Valley-fold a square into thirds between both pairs of edges, creating nine sub-squares. Cut a diagonal X across the entire center square, pinwheel-fold the outer edges, and fold the protruding pinwheel flaps inward, interleaving them to produce a multilayered square with the top woven together. Fold outward the triangular flaps cut from the center square. This creates one face of the cube; the entire cube requires six identical modules.

Closed tamatebako cube

For each module, tuck one opposing pair of cut flaps into the pockets at the base of the pinwheel, and insert the remaining pair of cut flaps into the pockets of two other faces to assemble the entire cube. The resulting tamatebako can be opened from any face by either unfolding the pinwheel or gently pulling one face completely off the rest of the cube.

==Variations==

Tamatebako cube with glued flaps and all six faces open

The cube can also be assembled by gluing together the undersides of the flaps of adjacent faces. When the glue is dry, tuck the glued flaps into the pinwheel pockets in the same manner as above, with each face having one pair of flaps tucked into itself and the other two tucked into the adjacent faces. Like the original version, the glued cube can be opened from any face by unfolding its pinwheel, but will not fall apart if multiple faces are opened.
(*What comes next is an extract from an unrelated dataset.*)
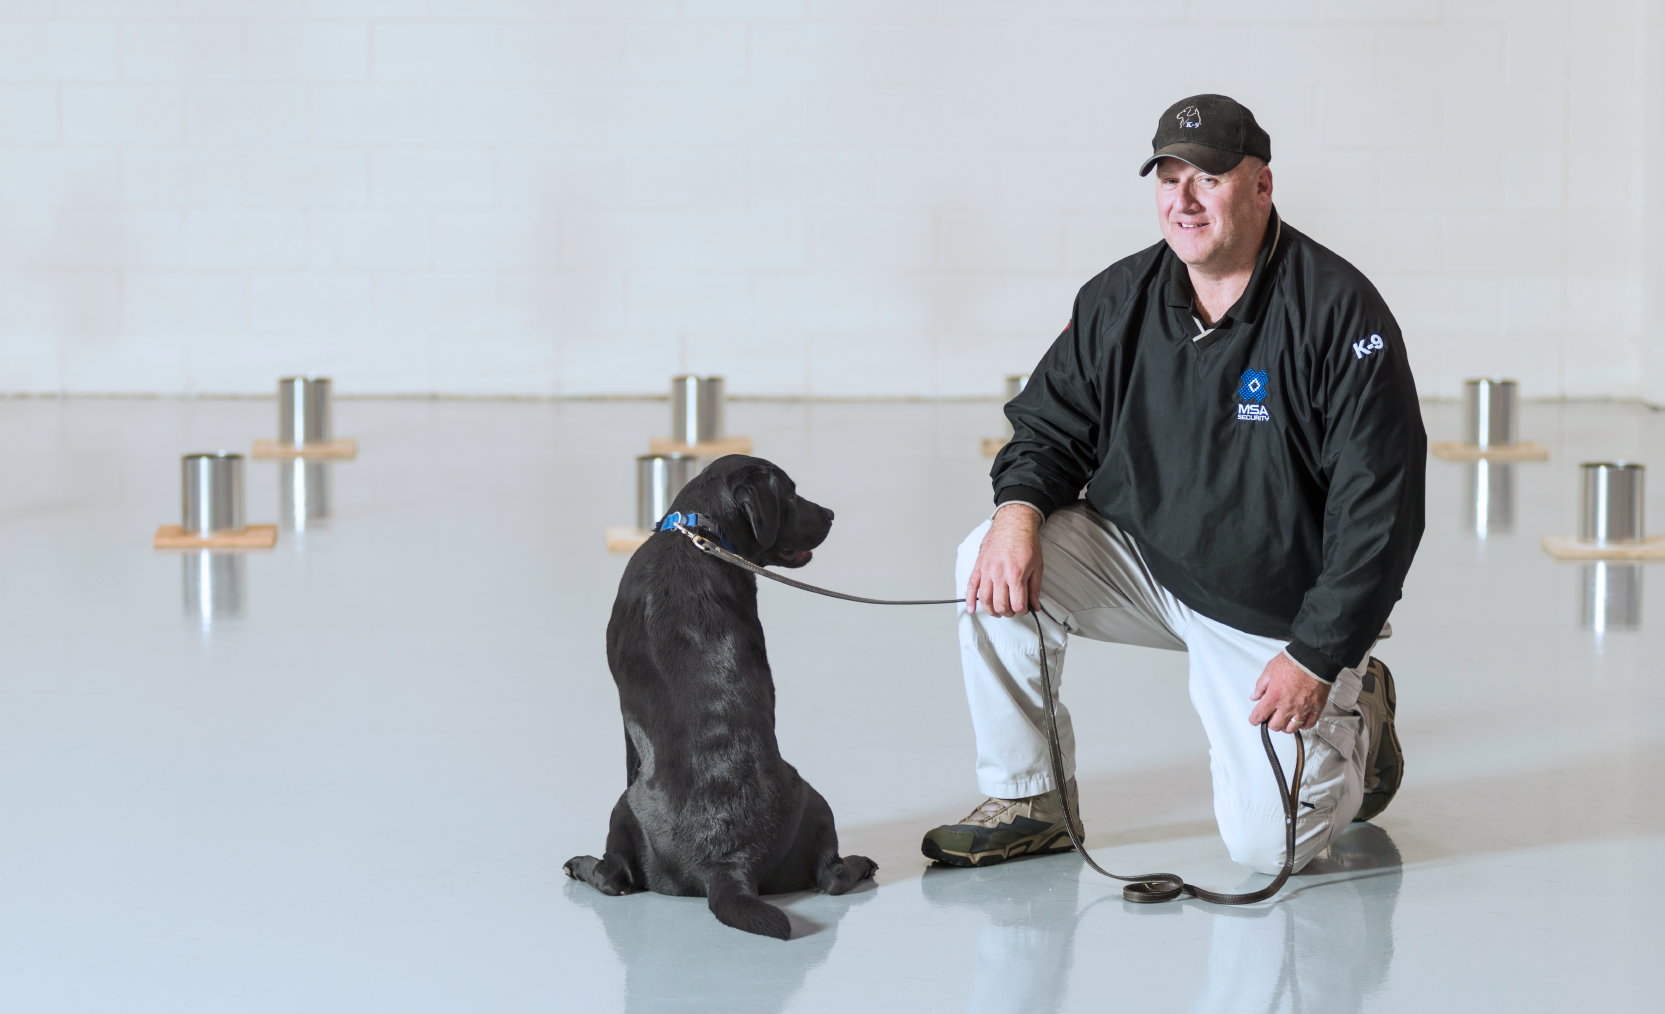 black labrador retriever and handler sitting in training facility surrounded by explosive training devices

A more elaborate traditional version of the Tamatebako can be made in the form of a cuboctahedron, still using six square pinwheel faces as described above. All four of the cut center flaps from each pinwheel square are extended outward; each of the eight new faces is formed by overlapping one flap each from three adjacent faces to form an equilateral triangle. Originally, the overlapped triangle was glued together, although it is possible to construct a triangular face hinge that does not require glue.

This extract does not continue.